On 05/11/2014 08:33 PM, Willy Tarreau wrote:
> 2.6.32-longterm review patch.  If anyone has any objections, please let me know.
> 
> ------------------
> 
> From: Ying Xue <ying.xue@xxxxxxxxxxxxx>
> 
> [ Upstream commit 4225a398c1352a7a5c14dc07277cb5cc4473983b ]
> 
> When the lockdep validator is enabled, it will report the below
> warning when we enable a TIPC bearer:
> 
> [ INFO: possible irq lock inversion dependency detected ]
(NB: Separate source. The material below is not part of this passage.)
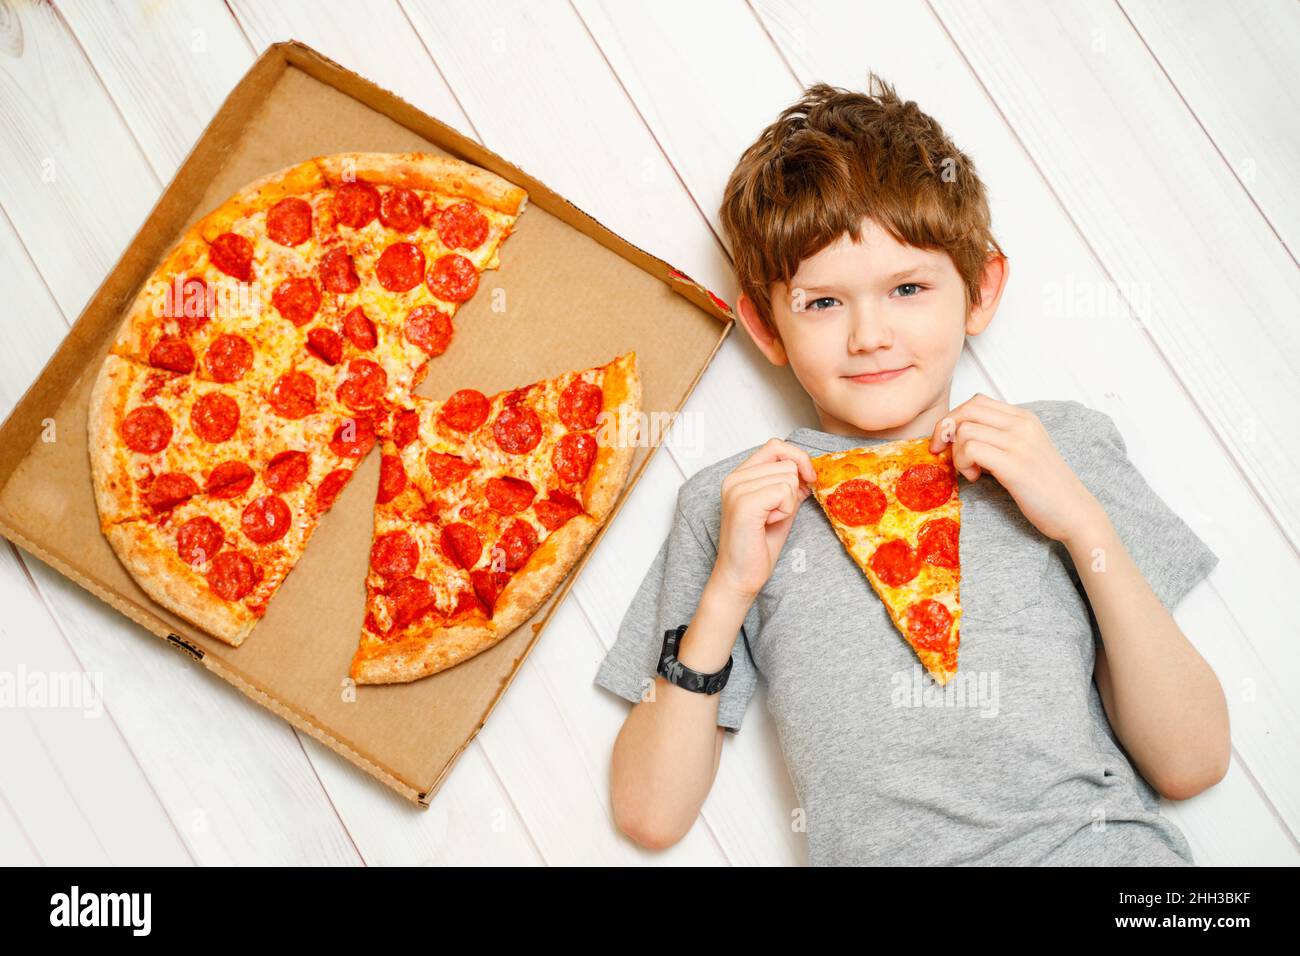 Niedliches Kind, das eine Pizza auf dem Holzboden hält. Quarantänefeier zu Hause. Stockfoto

> ---------------------------------------------------------
> Possible interrupt unsafe locking scenario:
> 
>         CPU0                    CPU1
>         ----                    ----
>    lock(ptype_lock);
>                                 local_irq_disable();
>                                 lock(tipc_net_lock);
>                                 lock(ptype_lock);
>    <Interrupt>
>    lock(tipc_net_lock);
> 
>   *** DEADLOCK ***
> 
> the shortest dependencies between 2nd lock and 1st lock:
>   -> (ptype_lock){+.+...} ops: 10 {
> [...]
> SOFTIRQ-ON-W at:
>                       [<c1089418>] __lock_acquire+0x528/0x13e0
>                       [<c108a360>] lock_acquire+0x90/0x100
>                       [<c1553c38>] _raw_spin_lock+0x38/0x50
>                       [<c14651ca>] dev_add_pack+0x3a/0x60
>                       [<c182da75>] arp_init+0x1a/0x48
>                       [<c182dce5>] inet_init+0x181/0x27e
>                       [<c1001114>] do_one_initcall+0x34/0x170
>                       [<c17f7329>] kernel_init+0x110/0x1b2
>                       [<c155b6a2>] kernel_thread_helper+0x6/0x10
> [...]
>    ... key      at: [<c17e4b10>] ptype_lock+0x10/0x20
>    ... acquired at:
>     [<c108a360>] lock_acquire+0x90/0x100
>     [<c1553c38>] _raw_spin_lock+0x38/0x50
>     [<c14651ca>] dev_add_pack+0x3a/0x60
>     [<c8bc18d2>] enable_bearer+0xf2/0x140 [tipc]
>     [<c8bb283a>] tipc_enable_bearer+0x1ba/0x450 [tipc]
>     [<c8bb3a04>] tipc_cfg_do_cmd+0x5c4/0x830 [tipc]
>     [<c8bbc032>] handle_cmd+0x42/0xd0 [tipc]
>     [<c148e802>] genl_rcv_msg+0x232/0x280
>     [<c148d3f6>] netlink_rcv_skb+0x86/0xb0
>     [<c148e5bc>] genl_rcv+0x1c/0x30
>     [<c148d144>] netlink_unicast+0x174/0x1f0
>     [<c148ddab>] netlink_sendmsg+0x1eb/0x2d0
>     [<c1456bc1>] sock_aio_write+0x161/0x170
>     [<c1135a7c>] do_sync_write+0xac/0xf0
>     [<c11360f6>] vfs_write+0x156/0x170
>     [<c11361e2>] sys_write+0x42/0x70
>     [<c155b0df>] sysenter_do_call+0x12/0x38
> [...]
> }
>   -> (tipc_net_lock){+..-..} ops: 4 {
> [...]
>     IN-SOFTIRQ-R at:
>                      [<c108953a>] __lock_acquire+0x64a/0x13e0
>                      [<c108a360>] lock_acquire+0x90/0x100
>                      [<c15541cd>] _raw_read_lock_bh+0x3d/0x50
>                      [<c8bb874d>] tipc_recv_msg+0x1d/0x830 [tipc]
>                      [<c8bc195f>] recv_msg+0x3f/0x50 [tipc]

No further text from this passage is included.